Wow@Home Turns a Low-Cost SDR and a Raspberry Pi 5 Into a Radio Telescope for Alien-Spotting
Build your own little "Big Ear" and see if you can replicate the Wow! Signal of the 1970s.
Researchers from the University of Puerto Rico at Arecibo are looking to build a network of low-cost radio telescopes based on software-defined radio (SDR) dongles — in the hope of turning them into a cost-effective equivalent to the Big Ear telescope used to listen for alien signals in the 1970s.
"A network of small radio telescopes offers several distinct advantages compared to large professional observatories," the team explains of the project, dubbed Wow@Home after the famous SETI@Home distributed computing project. "These systems are low-cost and can operate autonomously around the clock, making them ideal for continuous monitoring of transient events or long-duration signals that professional telescopes cannot commit to observing full-time."
The Wow@Home project is based on low-cost consumer-grade hardware: an RTL-SDR V4 receive-only software-defined radio dongle connected to a Nooelec SAWbird+ H1 low-noise amplifier (LNA) and a mesh satellite dish antenna. The hardware is drive by a Raspberry Pi 5 single-board computer, which helps to keep the overall cost down — around $469 including tools and mounting hardware, excluding the cost of a monitor, keyboard, and mouse.

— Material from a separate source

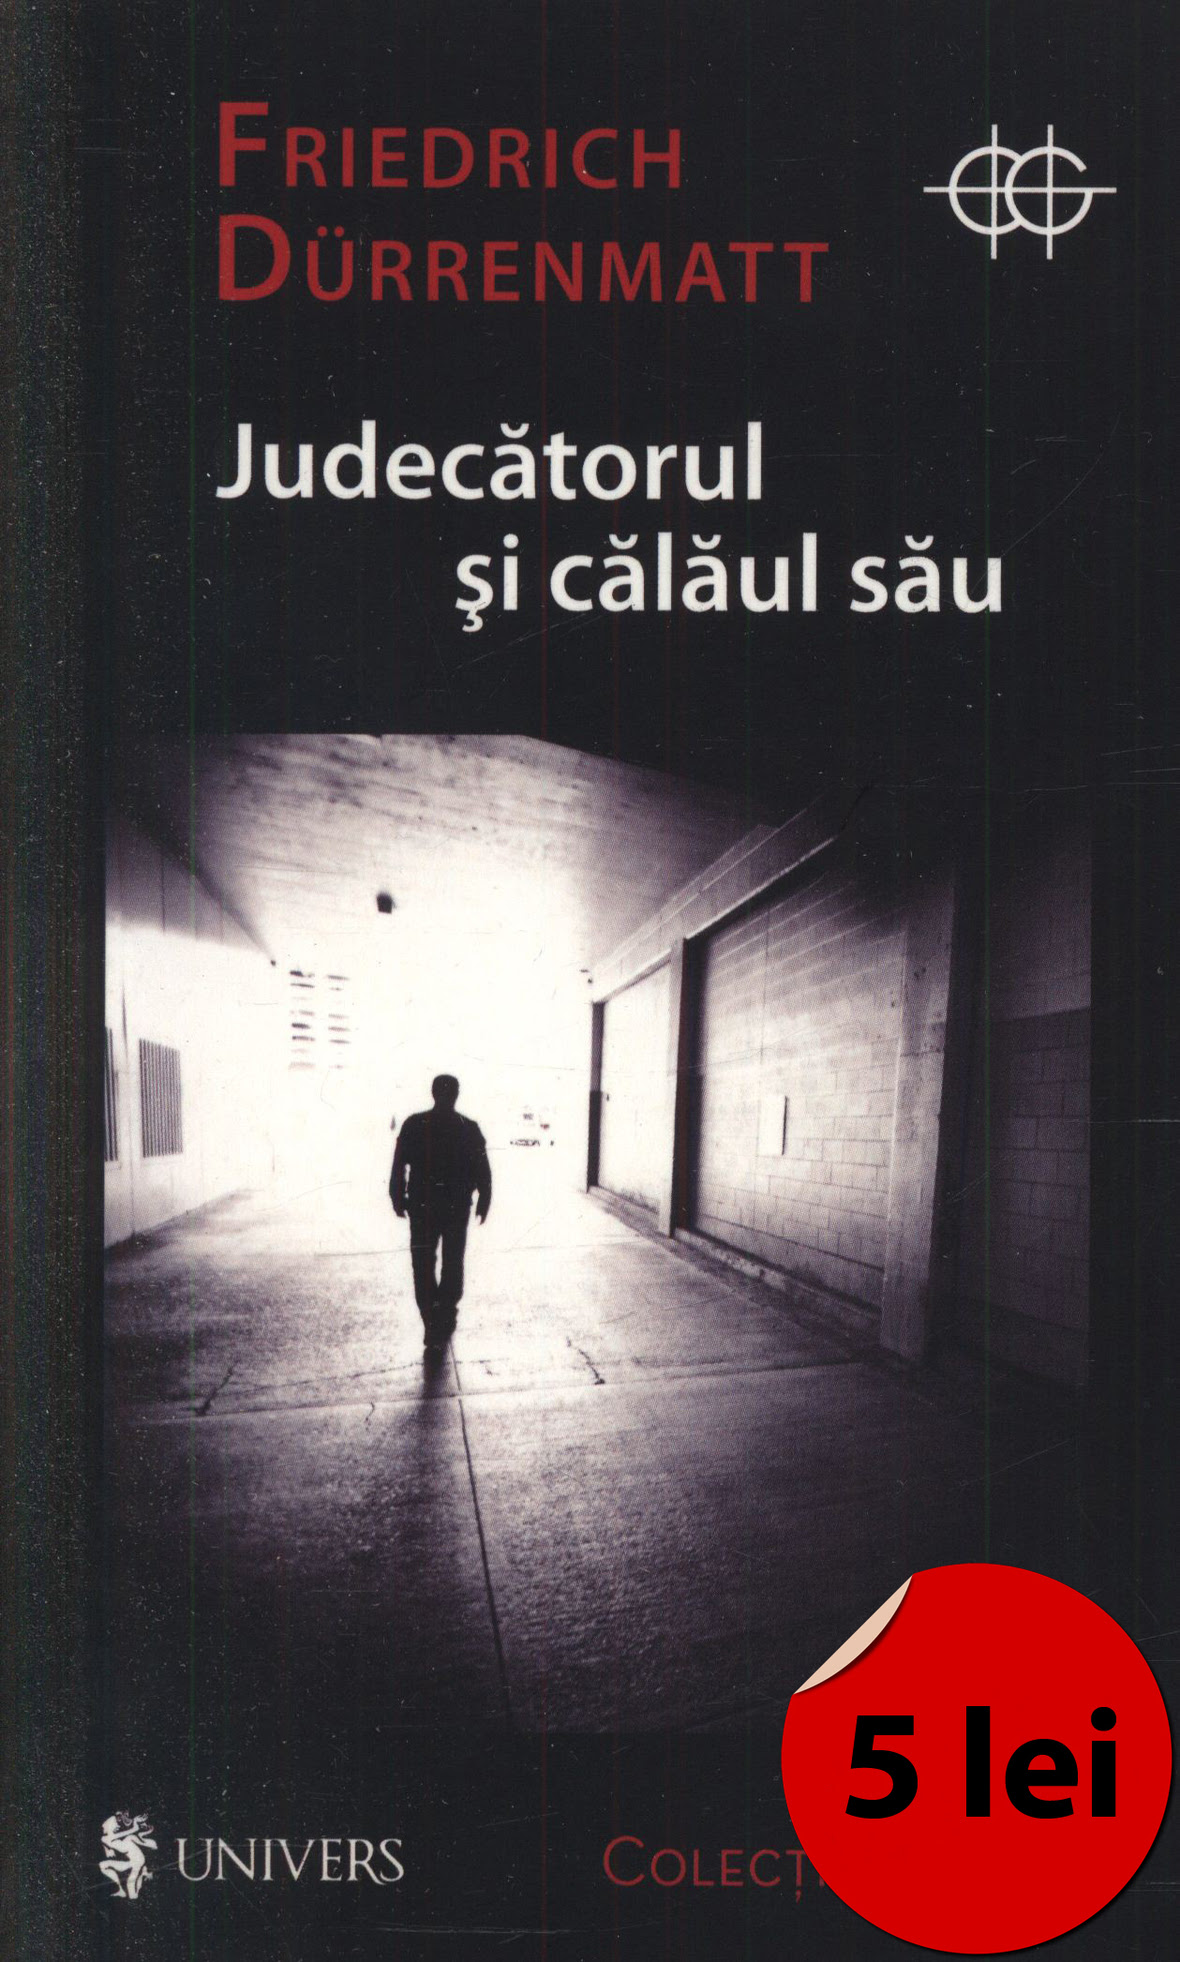 judecatorul-si-calaul-sau5lei

The project is inspired by the "Big Ear" at Ohio State University, which in August 1977 picked up what became known as the "Wow! Signal" — a strong narrowband signal that was believed to originate in the Sagittarius constellation. While the original Big Ear was shut down in 1997, the Wow@Home equivalent would deliver high scalability at a low cost with no risk of a single point of failure — at, the researchers admit, lower sensitivity.
"The Wow@Home Radio Telescope operates autonomously, 24/7, as a meridian-style instrument, conducting a continuous all-sky survey for transient events," its creators explain. "The hardware required to build these telescopes is both inexpensive and widely accessible, relying on readily available components. The critical element lies in the software, which must be capable of analyzing data effectively, whether from a single station or across a coordinated network of telescopes."
More information on the hardware setup, plus the Easy Radio Astronomy software used to drive it, is available on the project website.